Orcas-1 happened around this same time last year. Which was really Orcas-2. Since the real
Orcas-1 happened about a year earlier. Which really makes this Orcas-3. I think.
The other thing you need to come to grips with is over-hyphenation. Because you are about to deal with it. Why? I-do-not-know. Some things just-are.
We left Spo on Thursday last at what must have felt like noon to Mr. Speare, and what certainly felt like the butt-crack-of-dawn to me. Odd couple that we are.
We arrived in Seattle somewhere around an-hour-and-a-half early, because he never likes to arrive anywhere on time. Which left me with the opportunity to ring-up my daughter Jacque, and see if she could meet us for coffee in the big city. She could and did. Damnit, she kills me - she is so radiant and lovely - she totally amped up my soul for the whole next four days, with just this short visit. That's the power she holds over me.
No, I am not stoned in this self-taken (not selfie) pic, just super proud, happy and satisfied. Thrivin' on my Jacque fix.
After a literal subsequent lifetime's worth of driving, we finally arrived at the fabled Rosario Resort. Ever since last year, we'd been salivating over the prospect of returning to their oh-so-generous happy-hour. But alas, happy-hour had been abolished. Not-only-that, but we had been abolished to the outskirts of the kingdom, scurvy lot were we. We vowed to avenge our loss, somehow.
At about an hour into our ride the next morning, spite could have mattered less. We were gasping for O2 like fish out of water on the 2000' climb up Mount Constitution. Yes, I am bringing up the rear. Thanks for pointing that out, you bastard.
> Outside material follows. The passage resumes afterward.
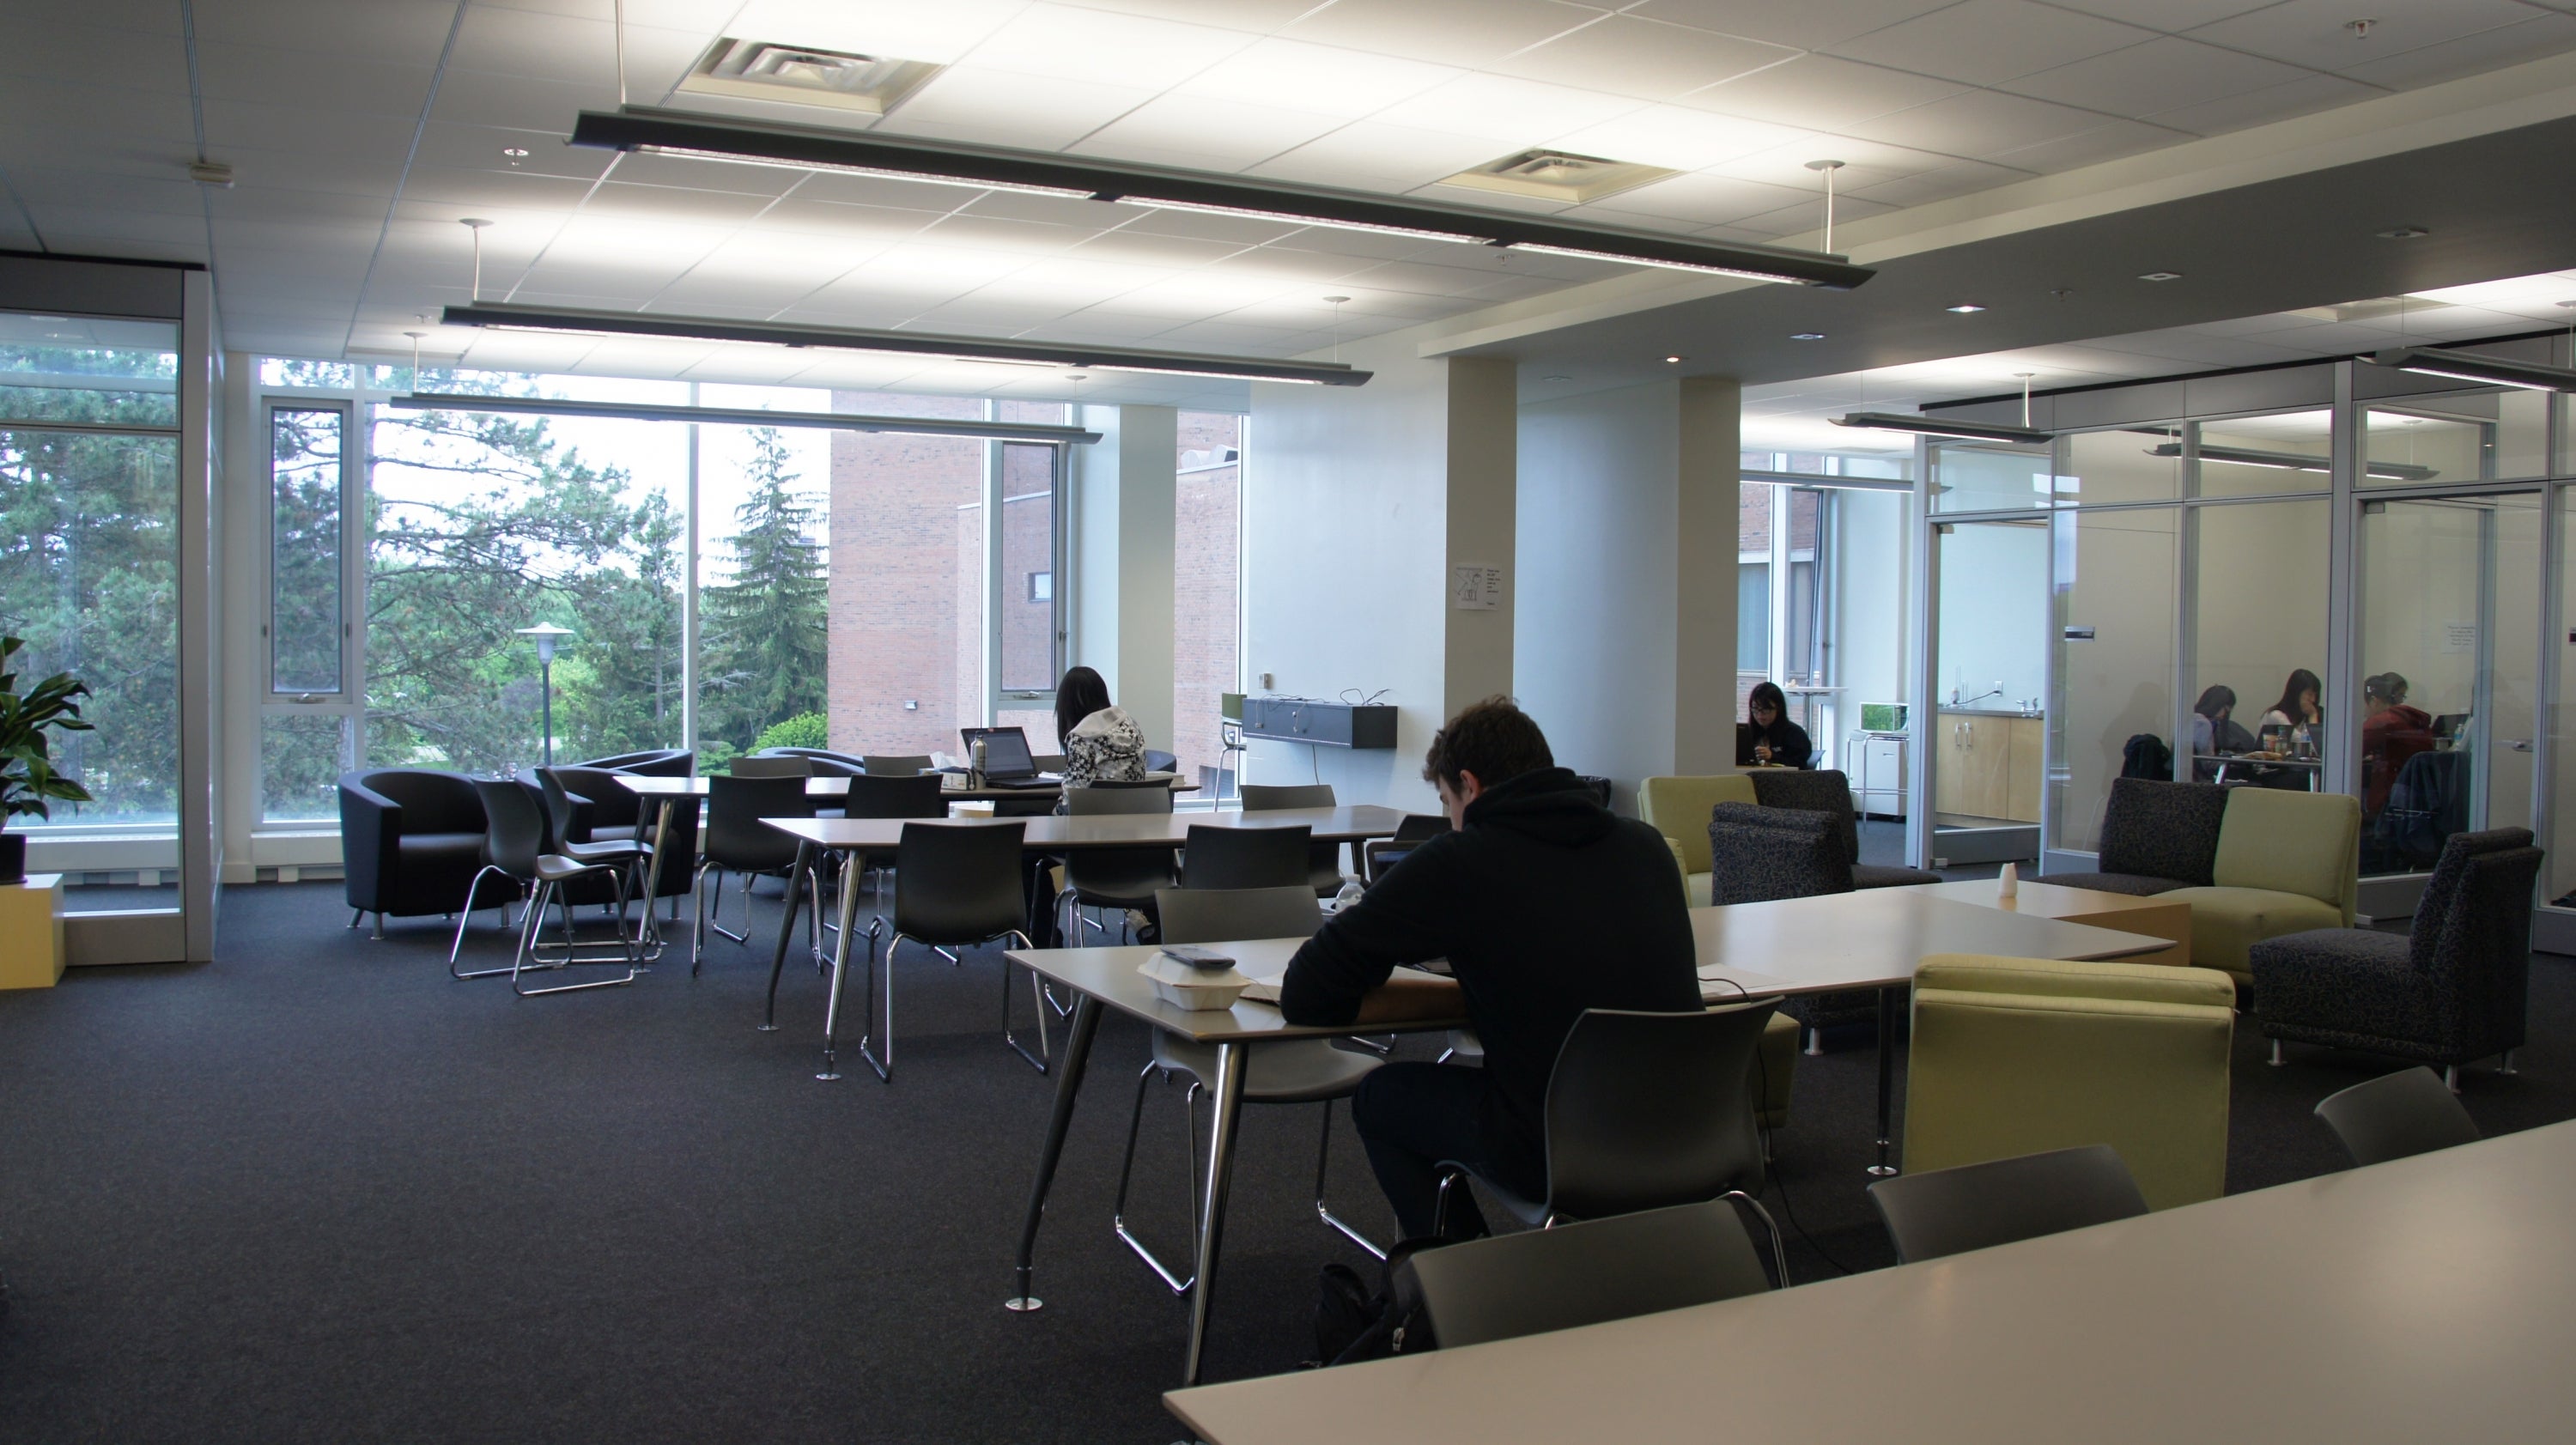 Students working in HH 2102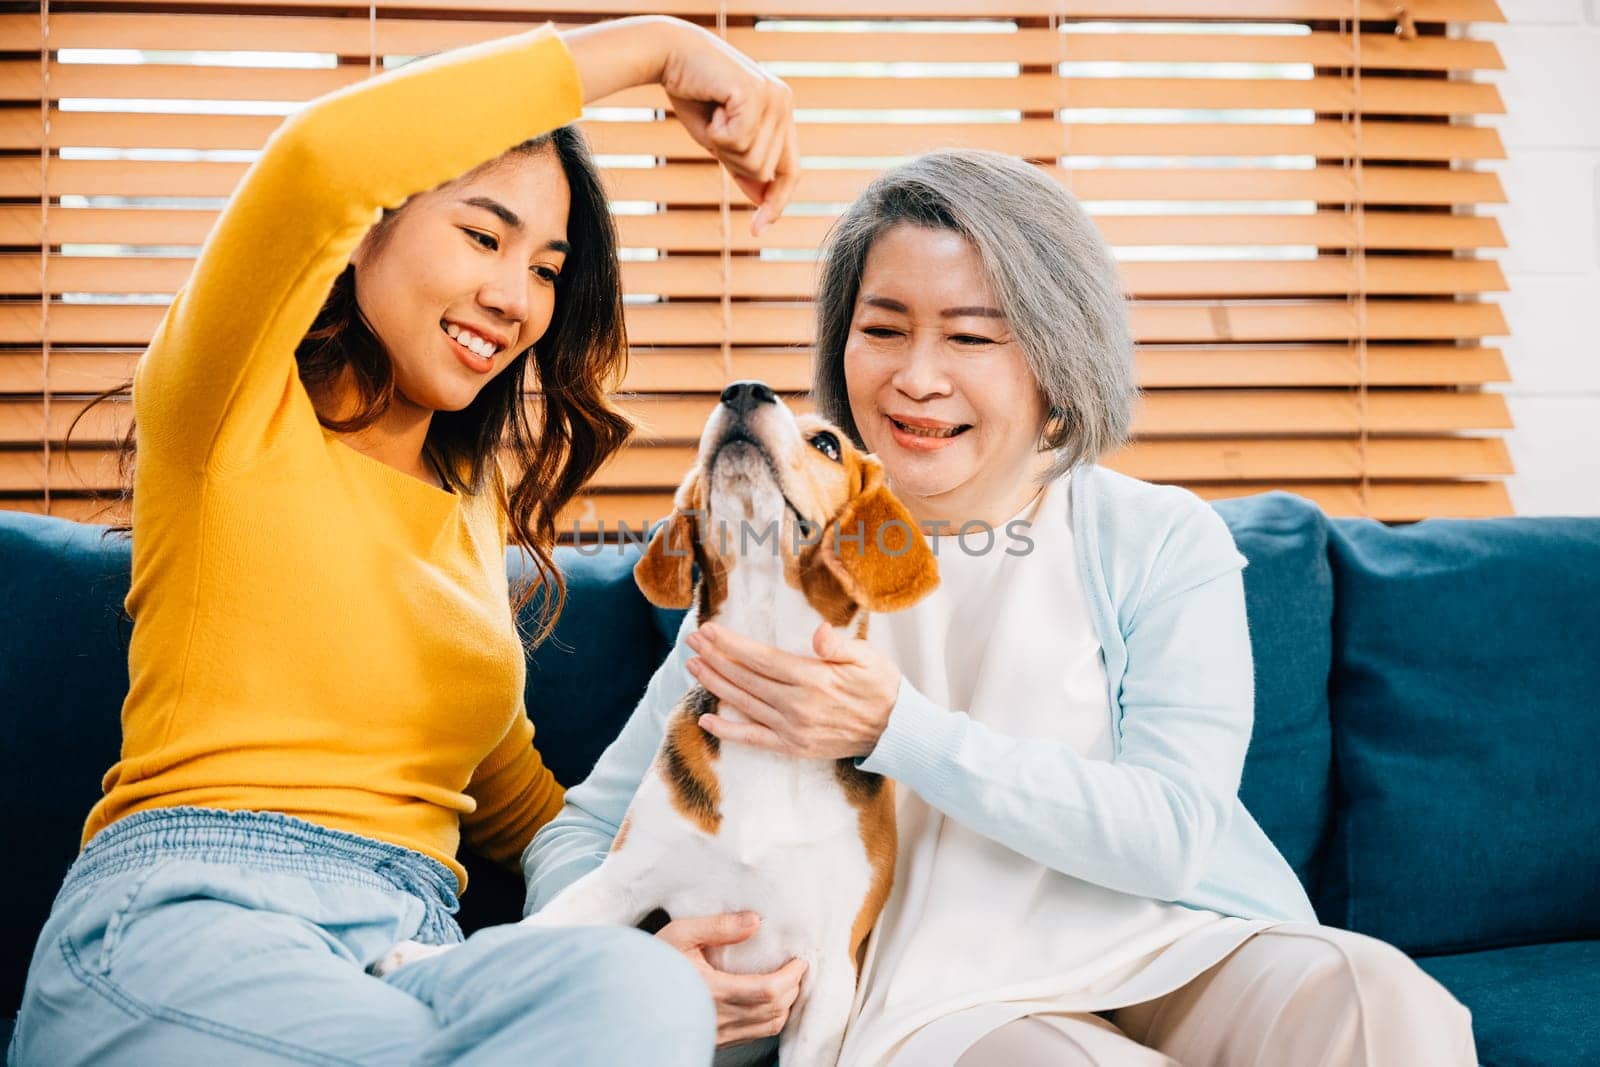 In a cozy home setting, a woman, her mother, and their Beagle dog capture a heartwarming family portrait on the sofa. Their happiness and togetherness shine through. Pet love.

I love taking pictures and sometimes people encourage my behavior and sometimes they tell me to go to hell and sometimes they are somewhat neutral.
Ungulation was all the hell over everywhere, all damn weekend long. I studied a group of four from my "balcony" for quite-some-time and actually watched them both shit-and-piss, which sounds gross, but which was actually somewhat fascinating.
Eventually we arrived at the summit of Mt Constitution, because Alex made us do it. Food sure tastes good up there. Bets is trying to tell us something; not-sure-what.
Why we go when we do.
Alex. The man. The legend.
Bets. Having zero fun.
Lee. The one and only.
Larry, in Larry-intense-mode.
Rory-in-red.
John, who can scare up a flat pretty much anywhere.
Gratuitous Bucksaw Porn-Shot-1.
Gratuitous-moss-shot.
Gratuitous-shroom-shot.
No great bike adventure would really be complete without the shot of everyone-sitting-around-watching-one-guy-deal-with-a-mechanical.
Gratuitous Bucksaw Porn-Shot-2.
Gratuitous Bucksaw Porn-Shot-3.
Gratuitous Bucksaw Porn-Shot-4.
Gratuitous Bucksaw Porn-Shot-5.
Okay, feel free to stab me in the retina with a fork. I know I deserve it. But damn, I had so much fun on this bike, on these trails.
Freaking glory. Hero-man-John chilling with hero-shuttle-capitan-Bets and new-bro-friend-Ben, who's waiting for lost-friends. Hero-man-Pat-S manning the shutter. After our 2nd or 3rd or 7th hero-run down the hill. Who's counting. Hells yeah. Shuttling is the absolute bomb.
Black-n-white-sad-to-be-leaving bikes.
View from the bloodshot-eyes of black-n-white-sad-to-be-leaving humans, packing bikes-on-cars, non-eagerly awaiting the packing of bikes-on-cars-on-boats.
Look, in-all-seriousness: It was such a privilege to hang out with a bunch of insanely-smart, seriously-witty, spleen-busting-funny dudes and chick, and also ride some of the best shit ever. What a freaking great weekend. I am such a lucky bastard.
Oh, and we avenged our happy-hour-loss by spending all our drinking and food money in town. Just sayin', Rosario.